М.М. Неужели он все это принимал всерьез?
И.Б. Да, Алик ко всему относился чрезвычайно серьезно и очень был не-доволен моим отказом. Уж не знаю, что у него там творилось в голове, он был существом довольно диковатым и, в общем, несимпатичным. Но это я теперь понимаю, а тогда он мне казался вполне... — в общем, это был мой приятель.
Денег от возвращенных билетов хватило только на один билет в Москву. И поскольку весь этот замечательный план разрушил я, то улетел он. А я опять ночевал в оранжерее, даже написал об этом рассказ (не знаю, куда он девался). Потом отправился на базар и нанялся делать дверь для сортира. Сколотил ее замечательно — даже два сердечка вырезал... Заработанных денег хватило на билет до Воронежа. Не помню, ел ли я что-нибудь в этом поезде, но от Воронежа добирался зайцем.
Тут надобно добавить, что еще в Самарканде мы в один прекрасный день зашли погреться в гостиницу и в холле познакомились с человеком, который впоследствии оказался адвокатом Джека Руби, а также с его спутником, который, как мне представляется, был не кто иной, как Ли Харви Освальд. Тогда шел процесс над Гарри Пауэрсом — американским пилотом-разведчиком, сбитым около Свердловска, и адвокат этот — его звали Мелвин Бейли — приехал в Россию. Это был довольно известный адвокат, который кого угодно в каком угодно суде мог представить невменяемым. К защите Пауэрса его, естественно, не допустили, и он решил попутешествовать, и так он оказался в Самарканде. Мы познакомились, и я думаю, что и история Шахматова, и, впоследствии, мое дело с этим как-то связаны, но мне эти связи были малоинтересны. КГБ, вероятно, уже тогда все на ус мотало. Позже я слышал версию, будто Шахматов был нанят этой конторой, чтобы спровоцировать господина, которого мы встретили в холле гостиницы.
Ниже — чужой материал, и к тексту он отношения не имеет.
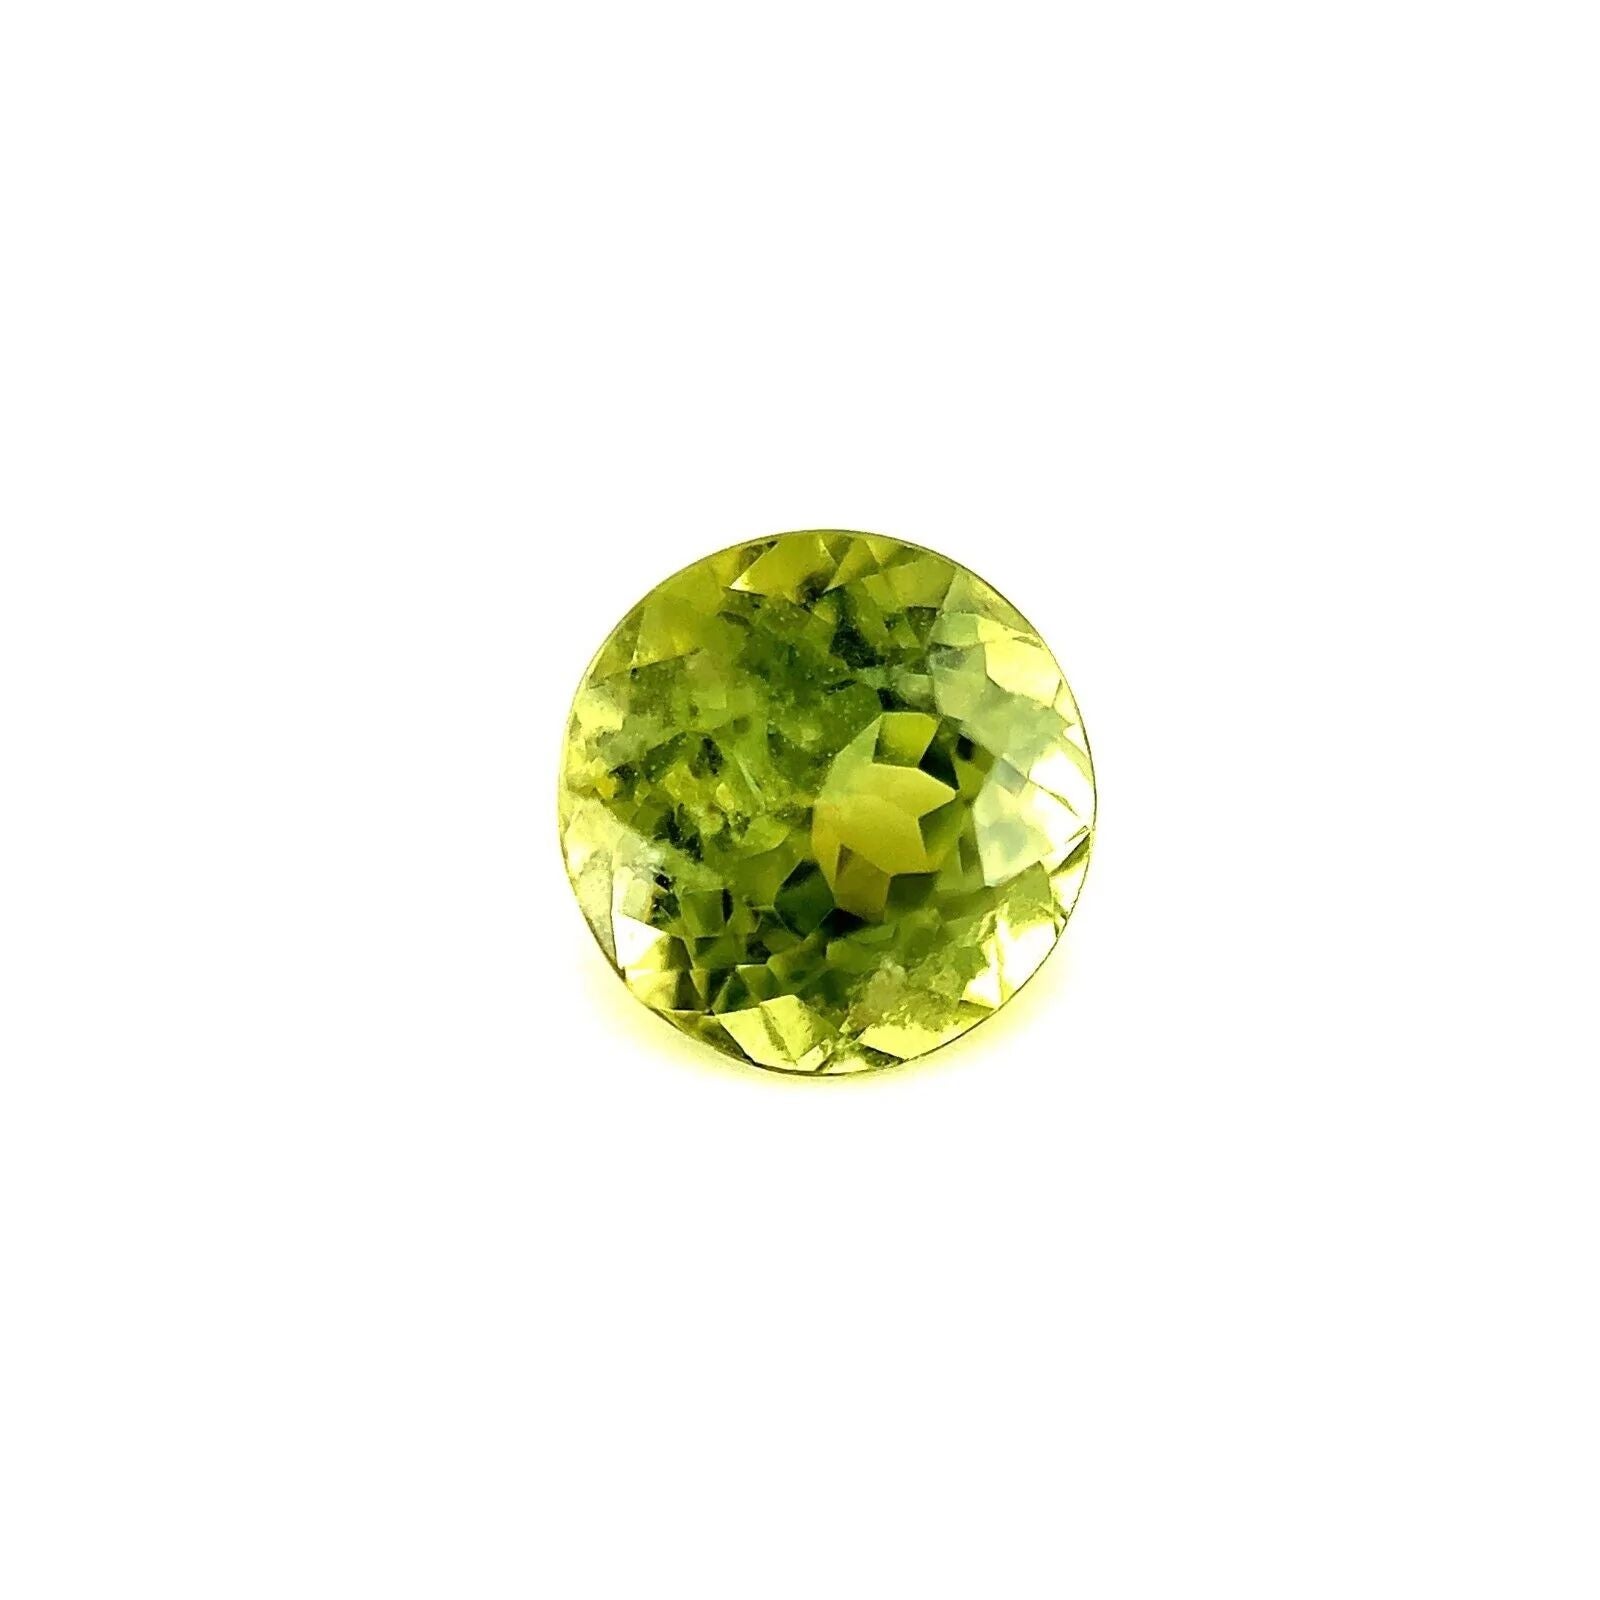 Pierre précieuse non sertie, saphir jaune et vert vif taille ronde brillant 1,58 carat

С одной стороны, в это верилось, с другой — нет.
М.М. Помнится, когда в 63-м году произошло убийство Кеннеди, после этого вас вскоре арестовали и выслали, вы вообще все это связывали воедино, что несколько напоминало то, как Анна Андреевна объясняла, что холодная война началась из-за того, что в 46-м году ее посетил Исайя Берлин… А чем кончилась история с Шахматовым?
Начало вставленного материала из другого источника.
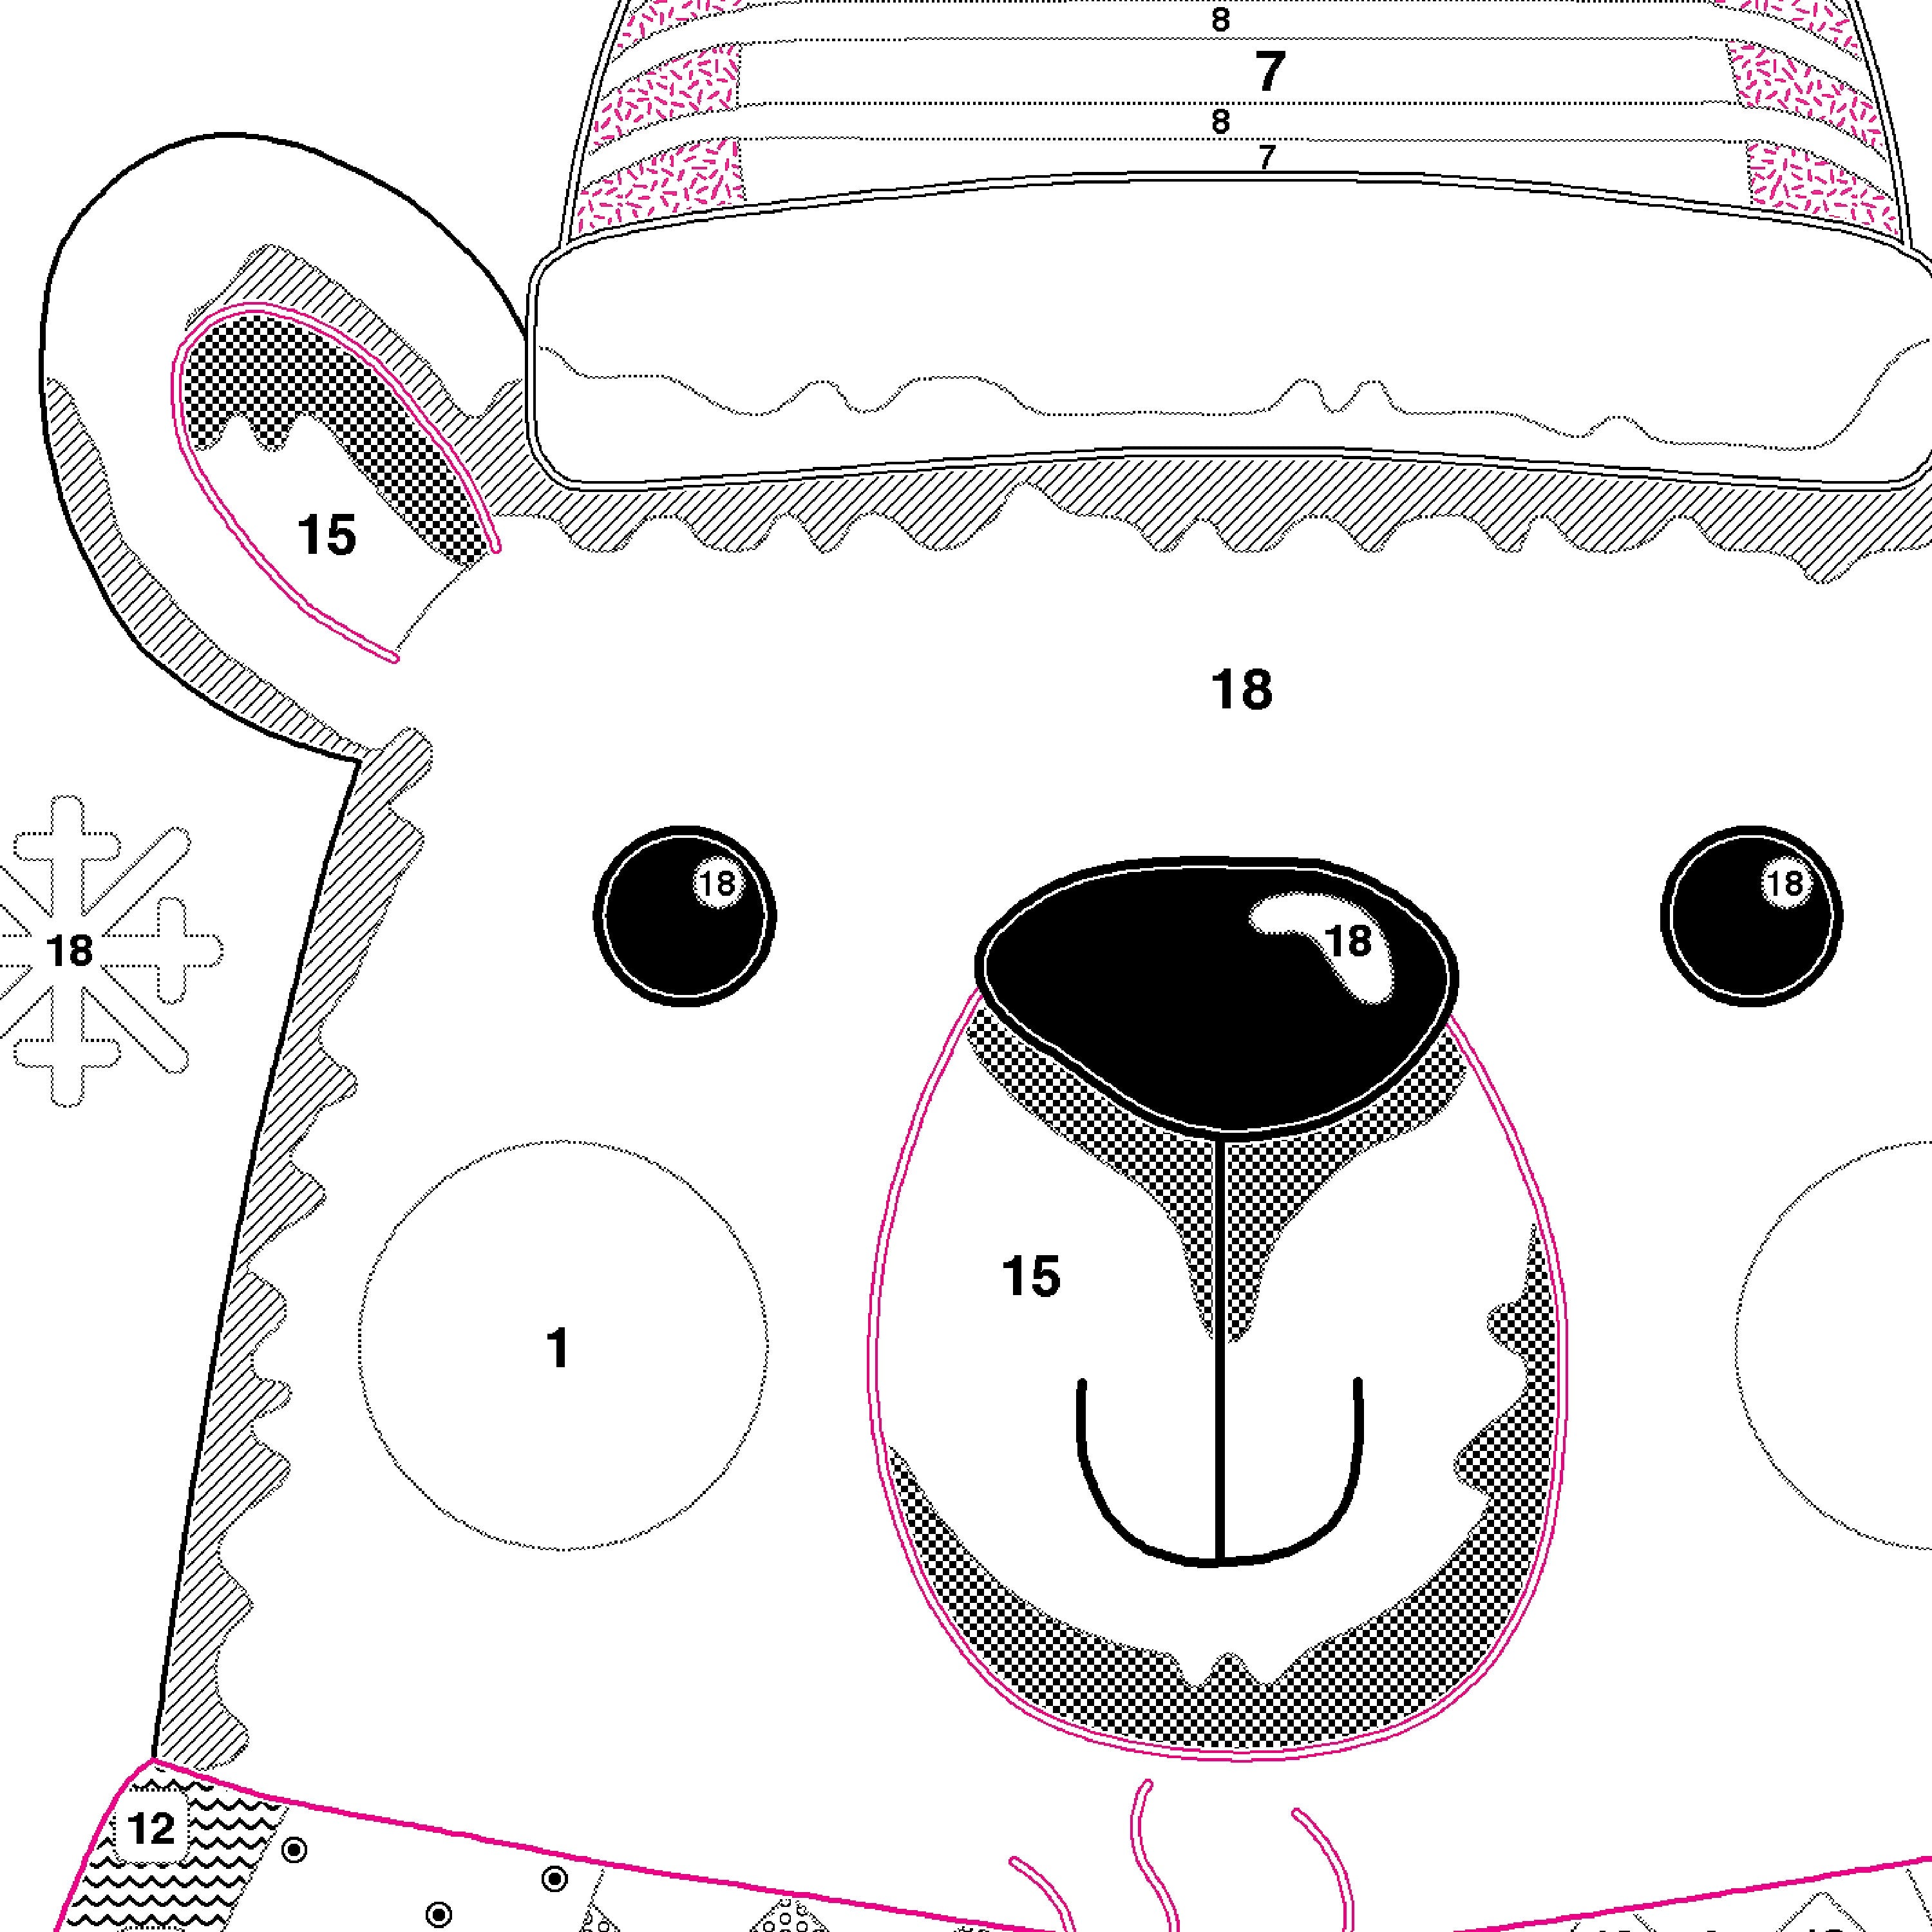 DMG DIY Dimensions Chill Out Polar Bear Christmas Needlepoint Stocking Kit 09162

И.Б. Довольно плачевно. Надо сказать, что до этого он один раз уже побывал в тюрьме. Тогда, начитавшись, как я говорил, одновременно Гегеля, йоги, Маркса и всего остального добра, он в общежитии геофизической обсерватории имени Воейкова бросил в чей-то суп галошу — как бы в качестве протеста против окружающей его реальности. И получил год за хулиганство, чем, видимо, был напуган. А тут, после Самарканда, его снова взяли, причем за «хранение и ношение». И он сразу заявил, что загадочный феномен хранения и ношения огнестрельного оружия объяснит только представителю государственной безопасности. Каковой и был ему предоставлен. И Алик сразу выложил ему все, что вообще про кого-то знал.
М.М. Гарик Восков объясняет это тем, что тот, испугавшись, что снова попадет к уголовникам, решил, как это называлось, «выломиться» в политические и в своих показаниях изобразил своих ленинградских знакомых членами антисоветской группировки. От срока, впрочем, это его не спасло.
И.Б. Да, и таким образом, 29 января 61-го или 62-го года произошел тот арест, который мы назвали вторым, а по сути — первый, когда меня взяли за хвост и увезли. Там я кантовался долго, недели две или три...
М.М. «Прошел январь за окнами тюрьмы…» 29-го вас, кажется, как раз выпустили. Поразительно, что вы вообще оттуда вышли.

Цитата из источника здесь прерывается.